This study was registered with the International Prospective Register of Systematic Reviews (PROSPERO) ( as CRD42018108495 and was based on the Preferred Reporting Items for System Evaluation and Meta-Analysis (PRISMA) statements (Table S2).

Data Sources and Search Strategies

We searched three English electronic databases, namely the Cochrane library (, PubMed (, and EMBASE (, and three Chinese electronic databases, including the China National Knowledge Infrastructure (CNKI,, Wan Fang Database (, and Chinese Scientific Journals Database (VIP,, from their inception until October 2018, without language restrictions. The terminology used for searching were the following keywords: ‘ “Sini powder” OR “Sini” ‘ AND ‘ “Zuojin pill” OR “Zuojin” ‘ AND ‘ “GERD” OR “Reflux Esophagitis” OR “Gastroesophageal Reflux Disease” OR “NERD” OR “RE” OR “BE” ‘ AND ‘ “randomized” OR “RCT” ‘. The detailed search strategy can be seen in (Table S3).

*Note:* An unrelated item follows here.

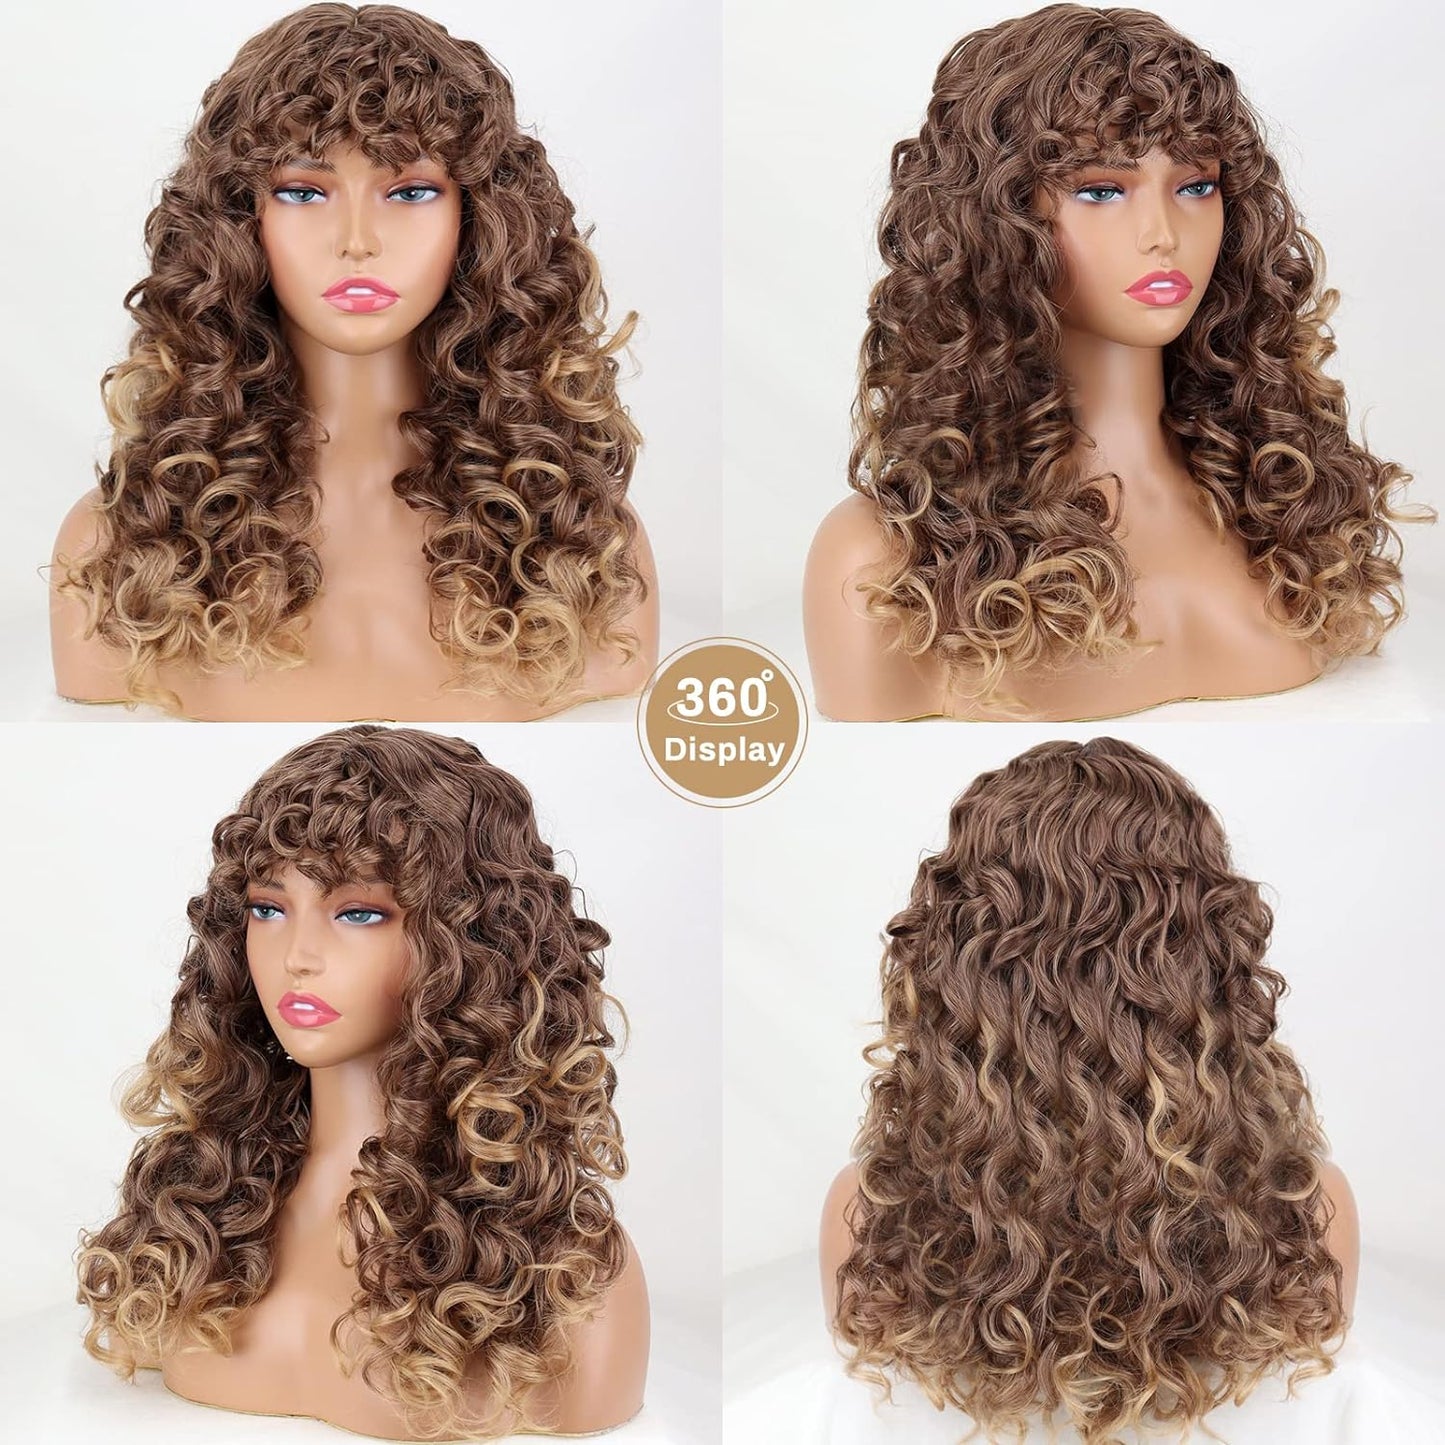 14 inch Blonde Curly Wigs 70s, Kinky Brown Mixd Blonde Afro Wigs for Black Women, Synthetic Afro Curly Blonde Wigs for Women (Brown to Blonde)

Study Selection and Eligibility

Types of Studies

All studies were RCTs for assessing the efficacy and safety of the Chinese herbal formula SNZJD only or in combination with other TSM in treating GERD. Included studies were not subject to publishing restrictions. Works on non-gastroesophageal reflux diseases or other diseases were excluded. Reports with data falsification, loss, ambiguous outcome indicators, quasi-randomized control trials, animals, and basic experiments were excluded.

Types of Patients

Adult patients (age ≥ 18 years) were diagnosed as GERD (including RE, NERD, or BE) according to at least one of the present or past domestic and foreign accepted diagnostic criteria, such as the Chinese Gastroenterology Diagnosis and Treatment Guidelines, Chinese Expert Consensus on GERD, Guidelines of Clinical Research of New Drugs of TCM, or World Gastroenterology Organisation Global Guidelines, or due to presenting with obvious heartburn and/or reflux symptoms or other atypical GERD symptoms or extraesophageal symptoms.

Types of Interventions

The treatment group was treated with SNZJD alone or with adjuvant therapy, including SNZJD plus TSM therapy but excluding SNZJD plus acupuncture, cupping, moxibustion, and other traditional therapies. Participants in the control group were being treated with placebo or TSM alone. The composition of the herbal prescription SNZJD was Bupleurum chinense DC. (Chai Hu, Bupleuri Radix), Citrus × aurantium L. (Zhi Shi, Aurantii Fructus Immaturus), Paeonia lactiflora Pall. (Bai Shao, Paeoniae Radix Alba), Glycyrrhiza uralensis Fisch. ex DC. (Gan Cao, Glycyrrhizae Radix et Rhizoma), Tetradium ruticarpum (A. Juss.) T. G. Hartley (Wu Zhu Yu, Evodiae Fructus), and Coptis chinensis Franch. (Huang Lian, Coptidis Rhizoma). There were no special restrictions on the quantity and dose of herbs and no limitation on the methods of SNZJD administration. The treatment cycle lasted for at least two weeks. If only two courses of treatment were stated in the study and the treatment duration was not reported, the original author would be consulted.

Types of Outcome Measures

The outcome indicators of the study should include clinical efficacy, the response rate of symptom reduction, and other effects. The former was classified as healing, markedly effective, effective, and ineffective according to the corresponding domestic and international guidelines and standards. The latter could use the Reflux Diagnostic Questionnaire (RDQ), the total score of symptoms, recurrence rate, and adverse effects, etc., for analysis. RDQ contained the assessment of heartburn, substernal chest pain, acid regurgitation, and food regurgitation symptoms.

Data Extraction

Three reviewers (Shaowei Li, Weihan Huang, and Jinming Ou) screened and extracted the data independently using a research screening design scheme. Divergences were dealt with by discussion or consensus with the fourth reviewer (Mengfen Huang). The following data were extracted: first author, year of publication, sample size, mean age, diagnosis standard, intervention measures, duration, outcome indicators, research design, and methods. In addition, three reviewers (Guojin Wu, Xiaoqian Yang, and Qipeng Wei) extracted the composition of TCM for the decoction formula and the addition or subtraction of components with symptoms.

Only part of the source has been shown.